What is being asked —
Your reply should consist only of the lines from the one holding "Российские военные устроили" to the last line of the data below, written out exactly and without pictures.

Information provided —

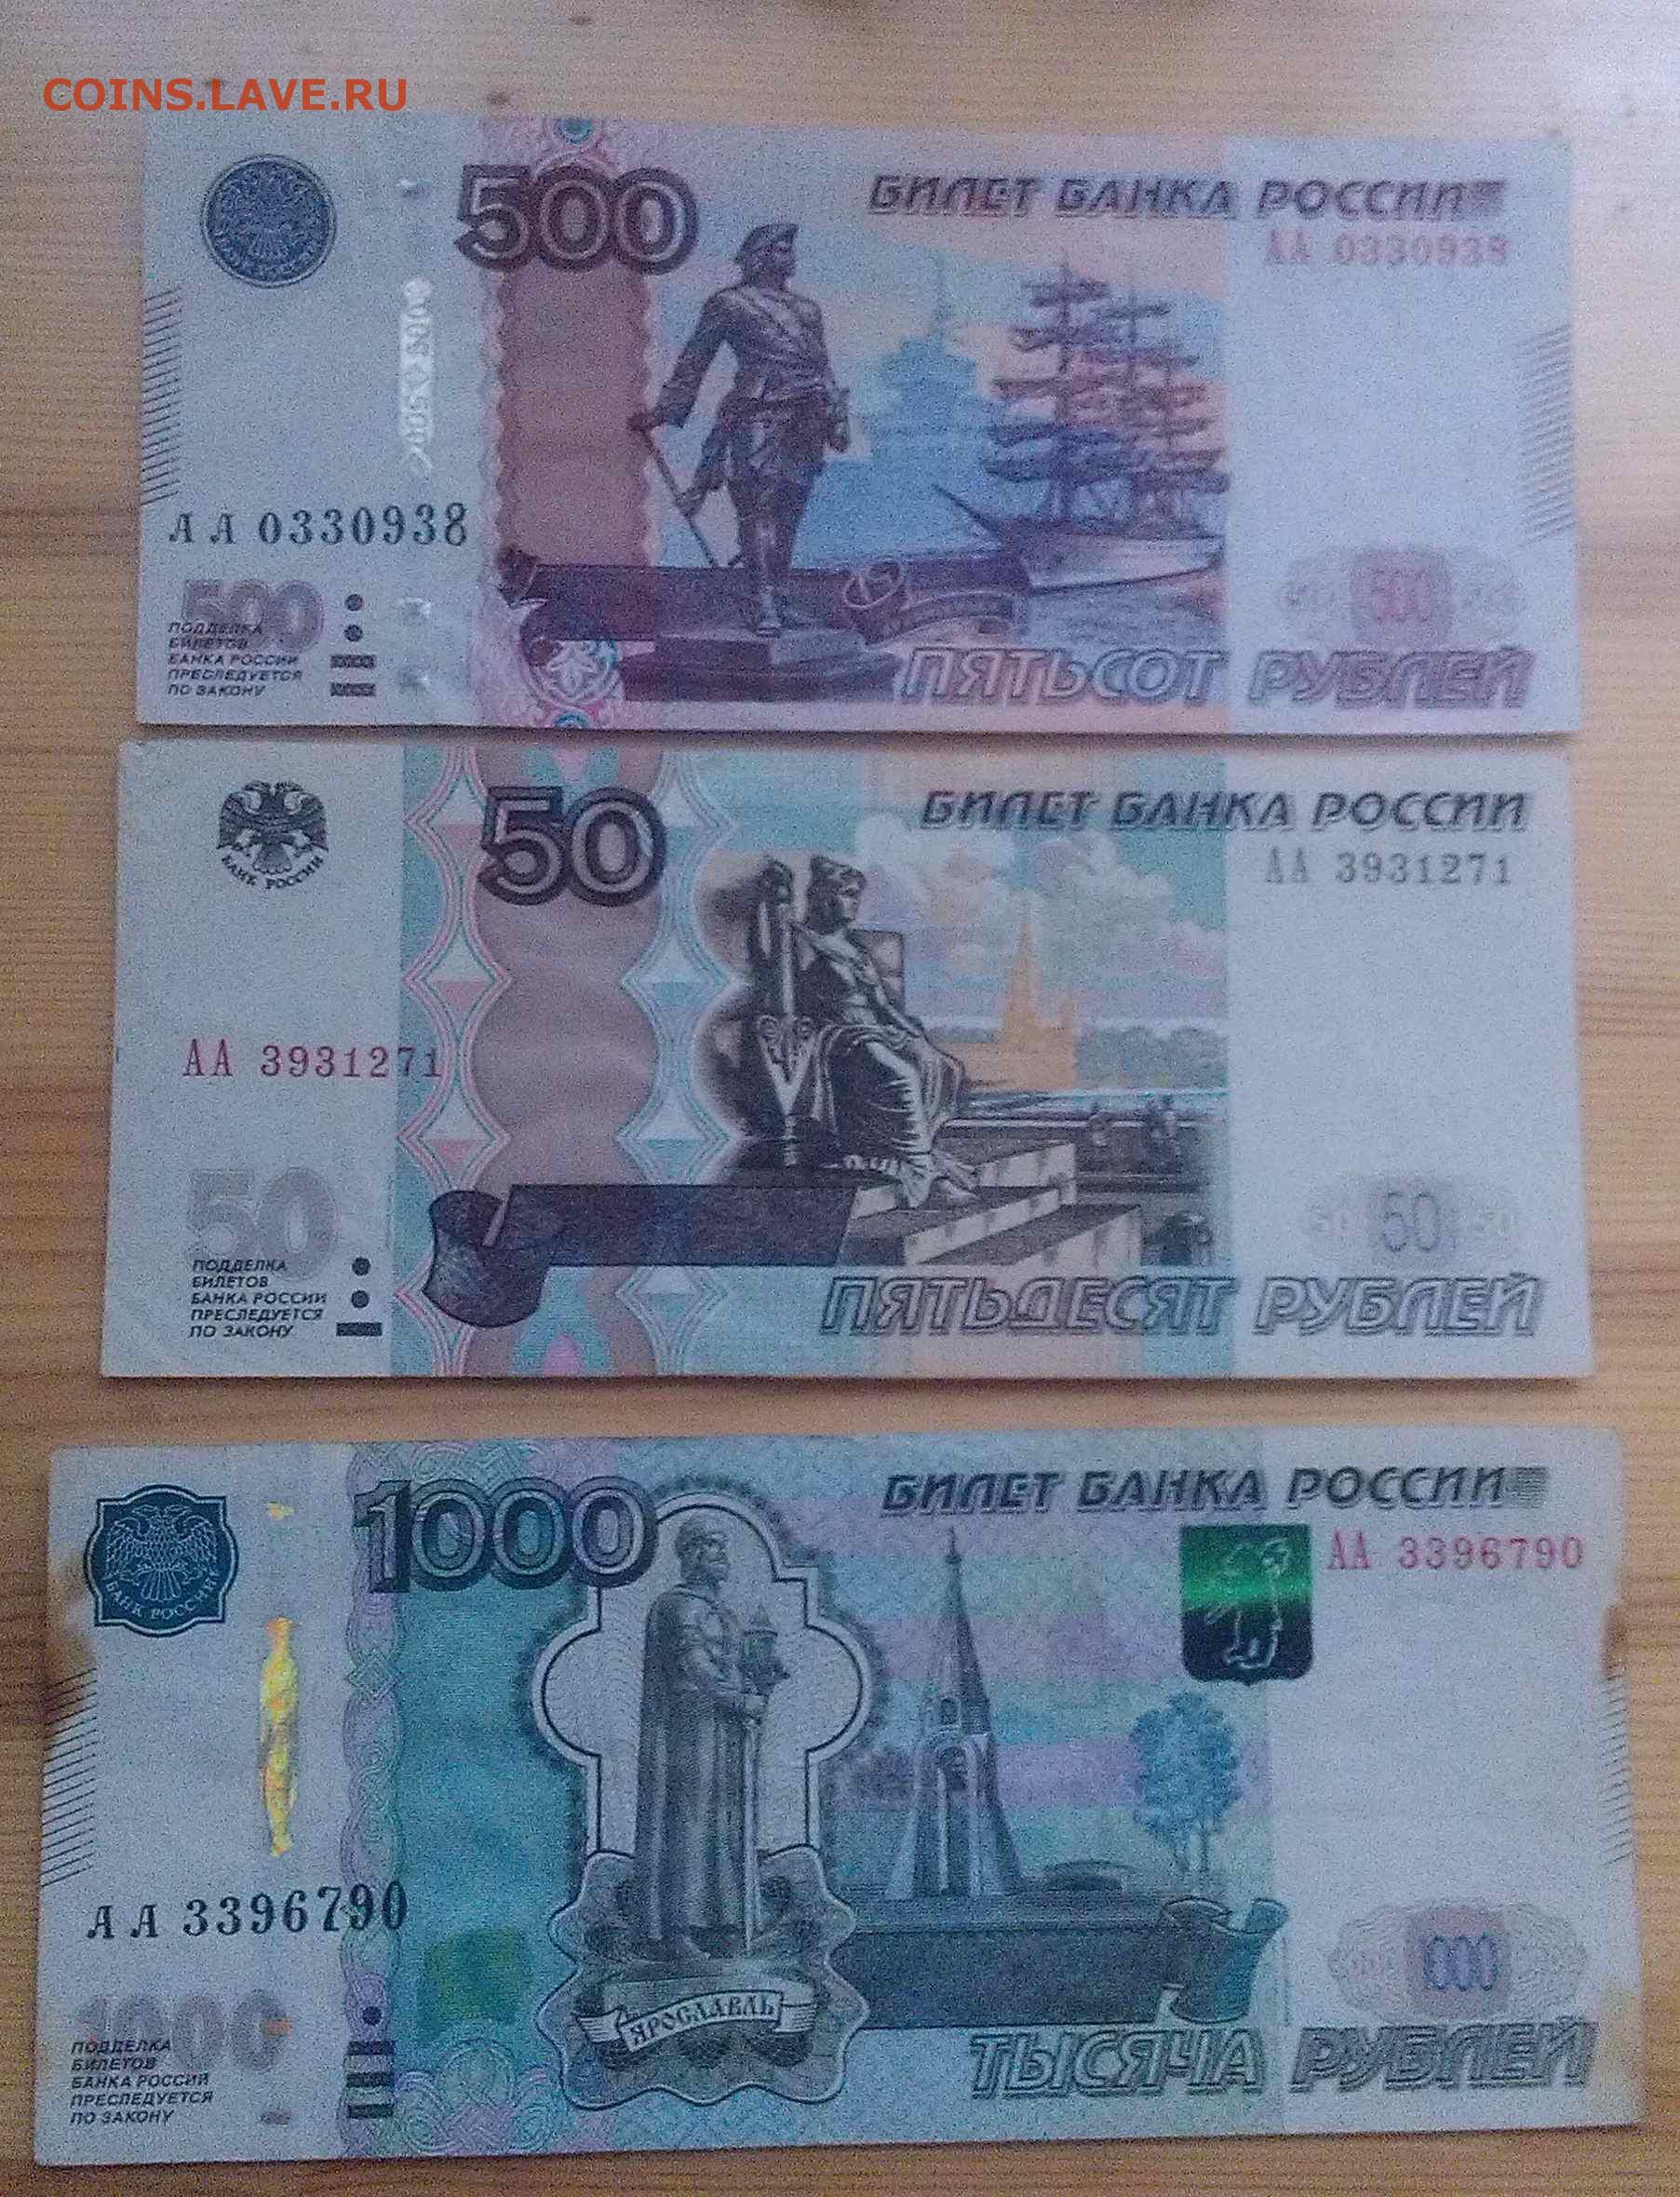 1000 рублей 2004. 500 Рублей 2010. 1000 Рублей 2010. 500 Рублей 2004 и 2010.
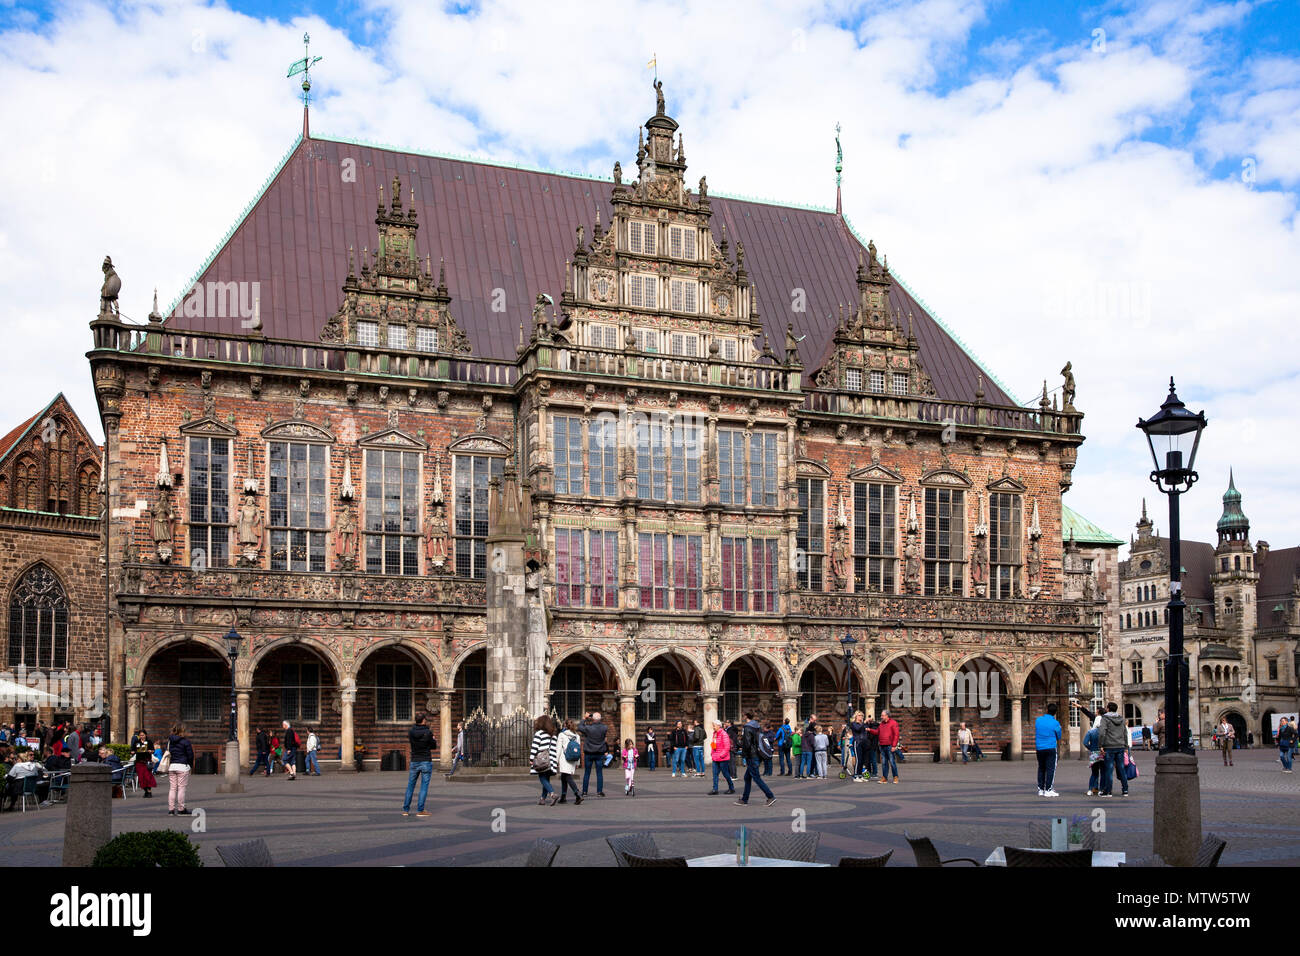 Rathaus am Marktplatz, Bremen, Deutschland. Rathaus am Marktplatz, Bremen, Deutschland. Stockfoto
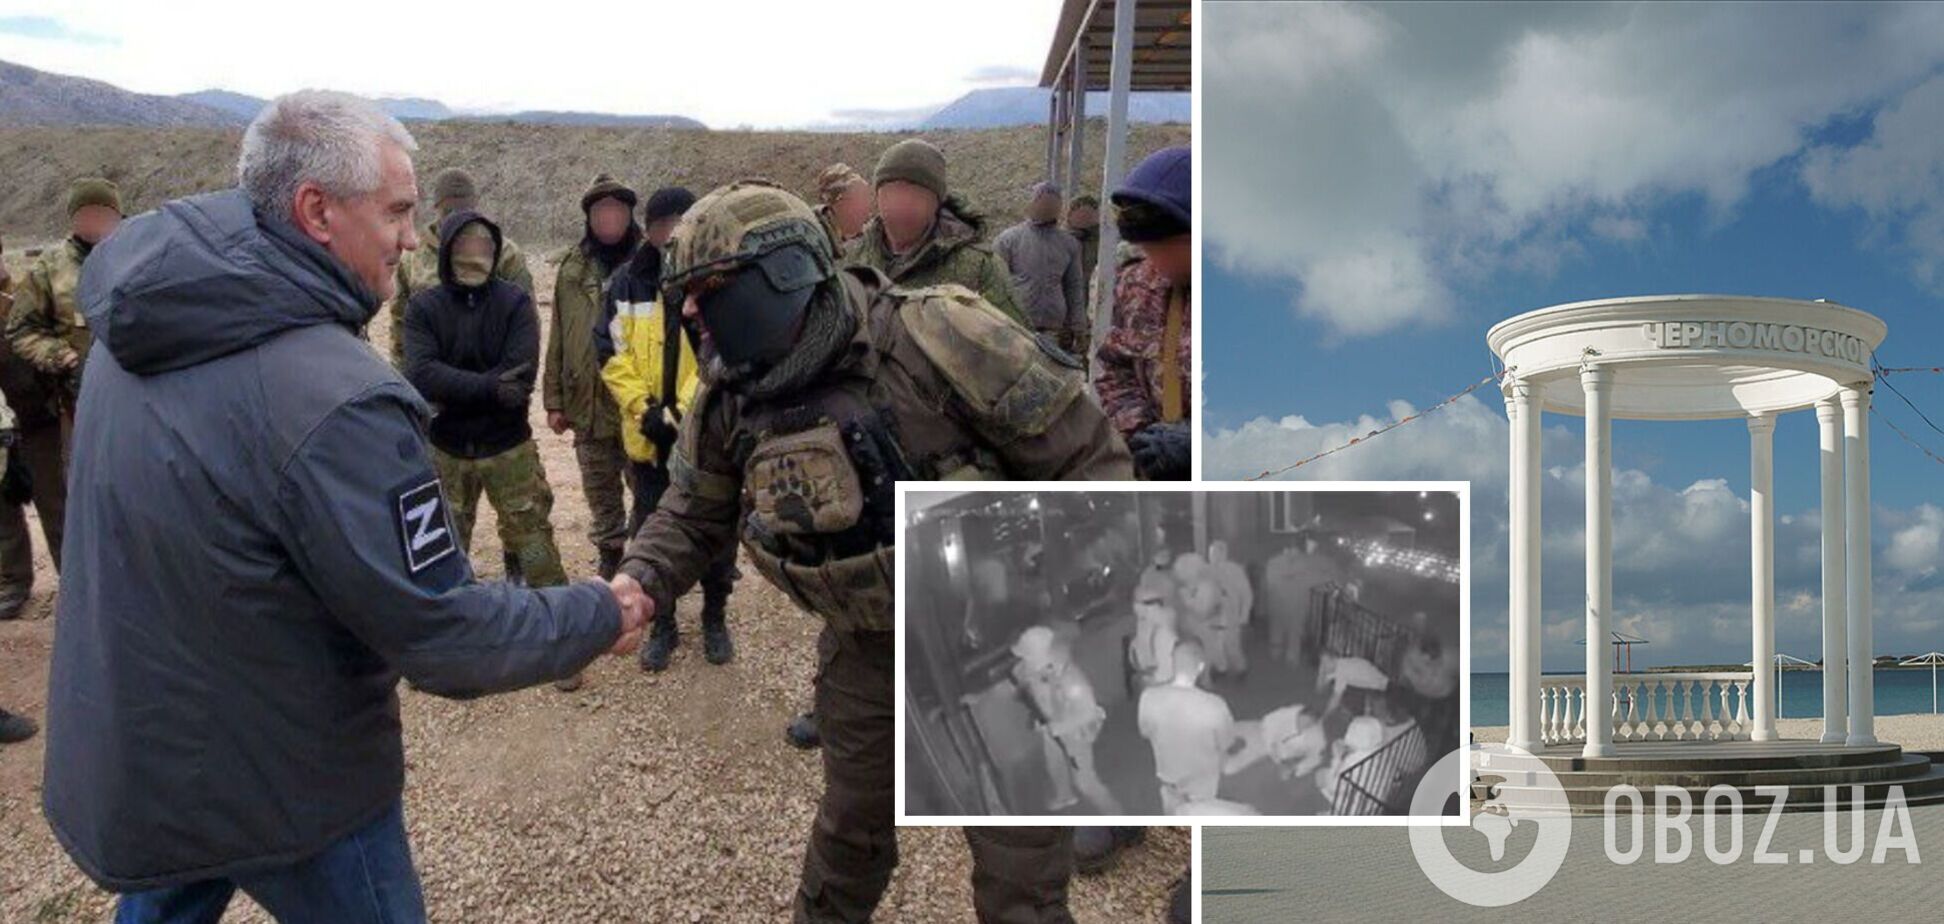 Российские военные устроили стрельбу и бойню в кафе в оккупированном Крыму: как их наказали. Фото и видео
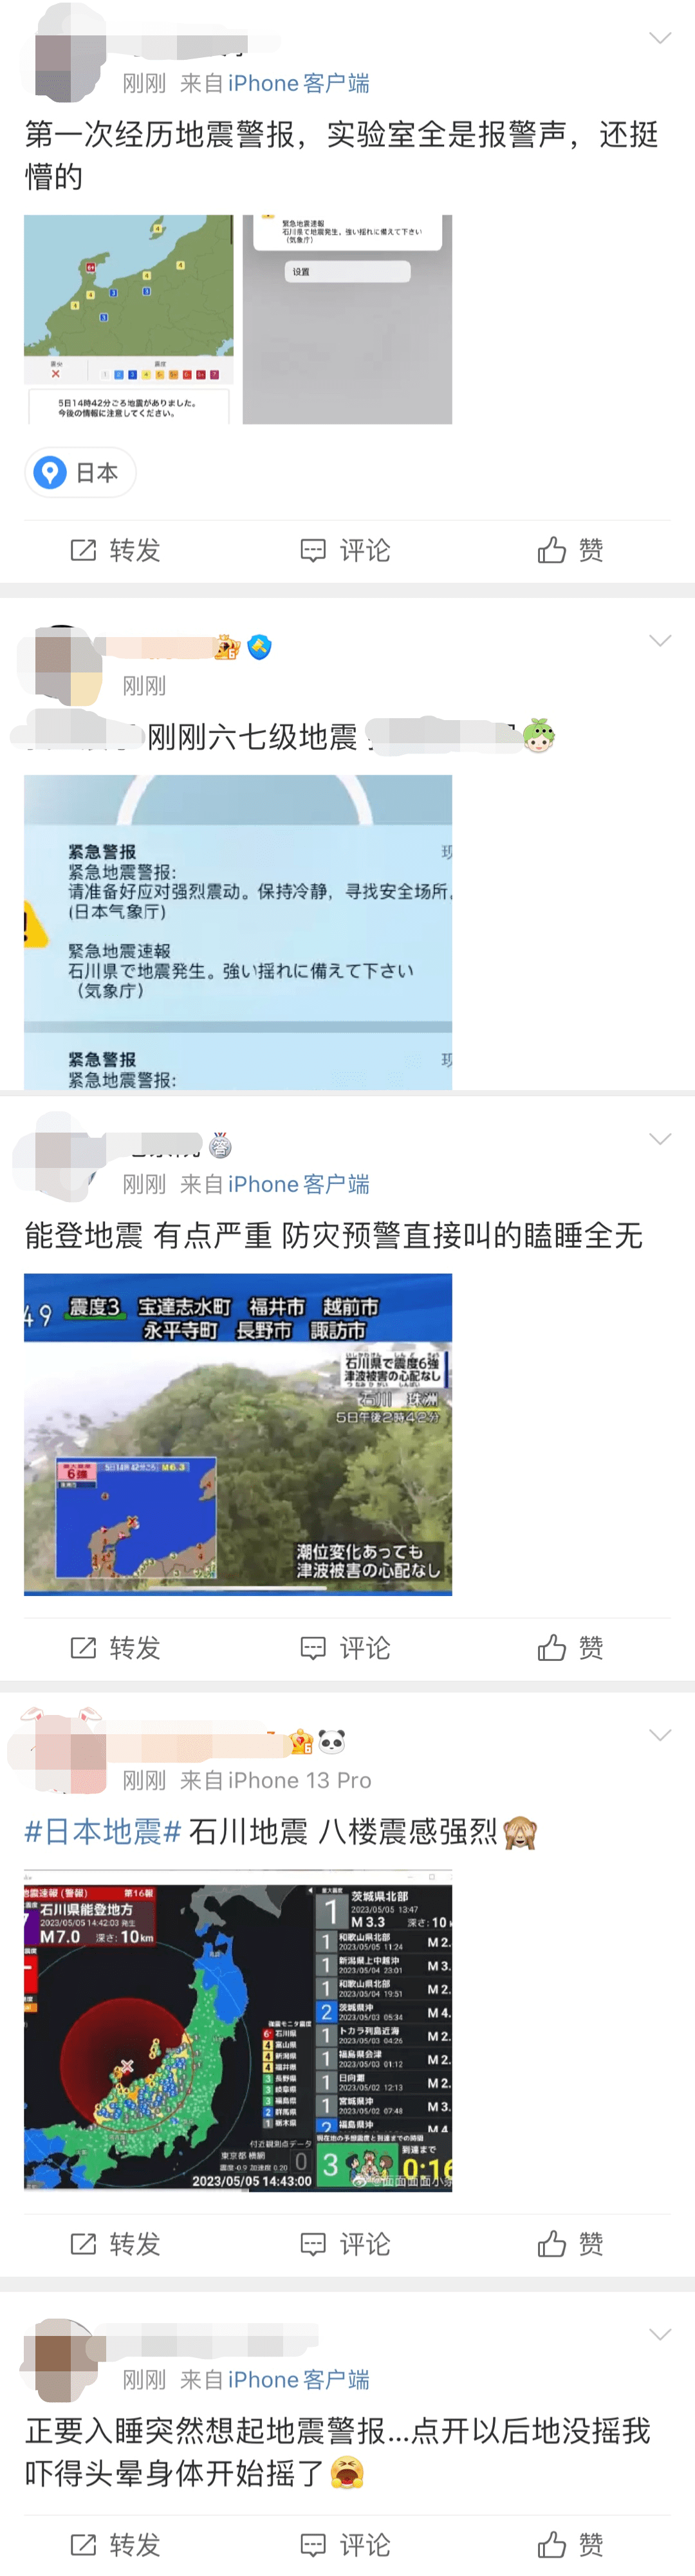 日本福岛以东海域发生7.3级地震，同一海域十年前曾发生大地震 - 知乎

Reply to the task —
 Российские военные устроили стрельбу и бойню в кафе в оккупированном Крыму: как их наказали. Фото и видео
 日本福岛以东海域发生7.3级地震，同一海域十年前曾发生大地震 - 知乎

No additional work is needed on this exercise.